To each his own, here are some of the things that had me captivated from the start and kept me hooked.

1. Vic and Shane, though crooked cops, were always smarter than the rest of the cast. Always a step ahead of everyone around them. No matter how dire a situation, they always found a way through.

2. Vic (and some of Shane's) comic relief. The one liner's came about three or four times a show. I bought DVD sets of past season of the Shield for that alone.

3. Intimidating (and interesting) villans. Whether it be Gilroy, Armadillo, Mitchell, Margos Dezerian, or Kavanaugh. The strike team always had a cunning and interesting adversary.

4. Strike team commradare. The sanctuary of the show was the Strike team. It always came first, that is what episode one was all about and remained a theme throughout the show.

-Now what did season seven offer from the above list? Nothing. It had none of these things.

-1. The strike team members, usually making things happen, remained victims throughout season 7 constantly reacting to things around them. Their smarts and resolve miraculously vanished in season 7. All the strike team members spent the whole season running scared right into each of their corners leaving no way out.

-2. If there was a one liner in all of season 7, I missed it. I could probably go back and find just enough in all of season 7 to fit into one episode of an earlier season.

-3. Pezuela? Beltran? ZZZZZZZZzzzzzzzzzzzzzz. Kern Little was a more dynamic character than either of these recycled rejects.

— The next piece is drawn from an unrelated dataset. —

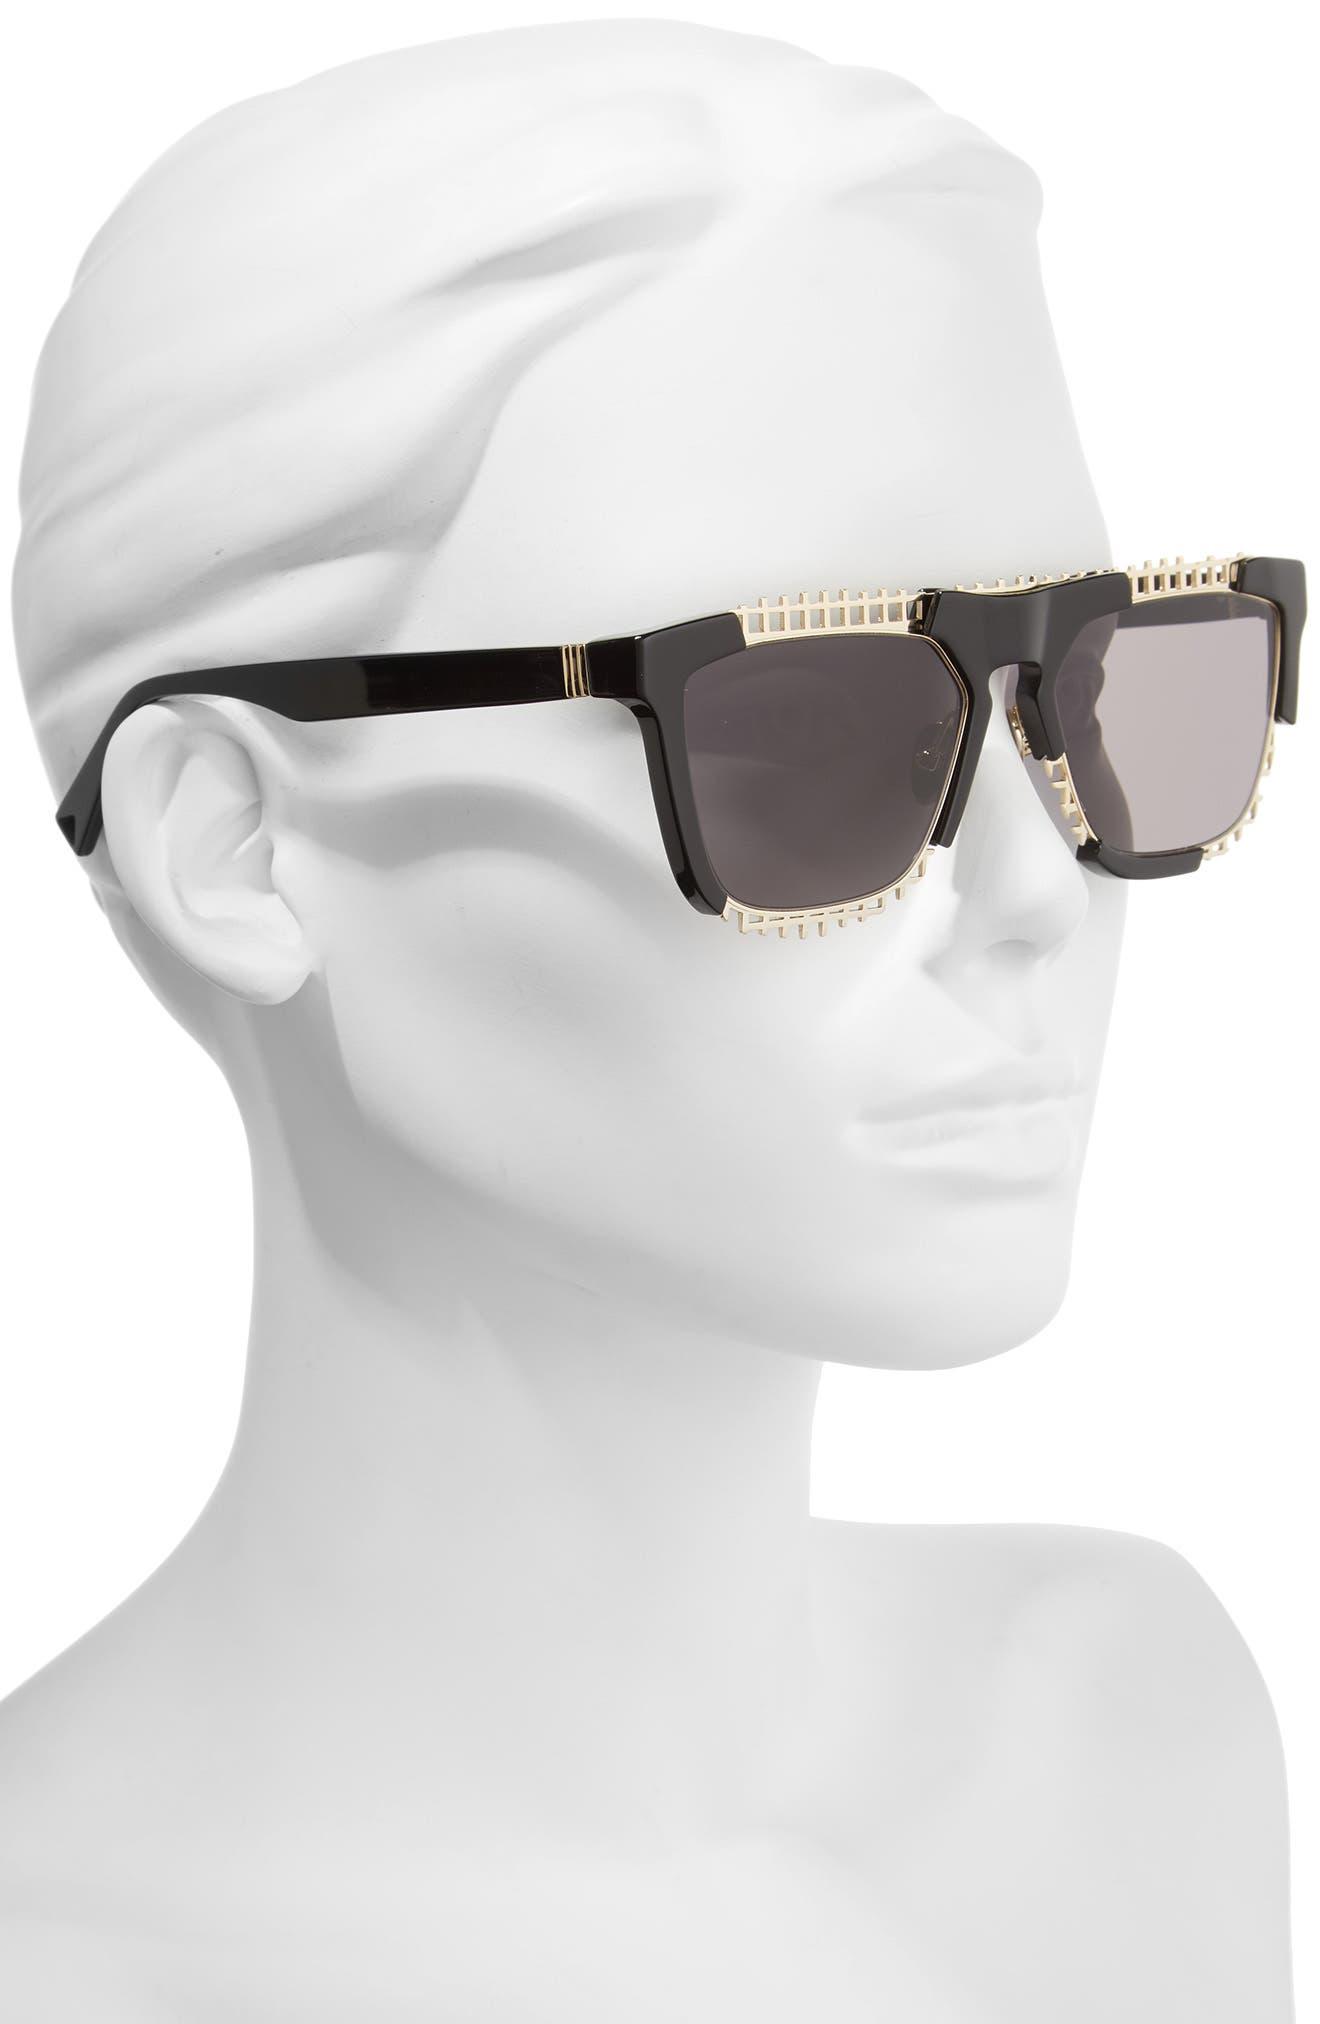 Coz 55mm Square Sunglasses,                             Alternate thumbnail 2, color,                             001

-4. When the strike team got in an inescapable spot in previous seasons, they put differences aside and came togehter. This season, they turned on each other. I am still in shock Vic just stood by and let Ronnie get screwed, or that Shane never reached out to Vic for help instead of spending the whole season bullying him. It was purely a 180 from previous seasons, and why the season ended in such a deafening (and for me dissapointing) silence.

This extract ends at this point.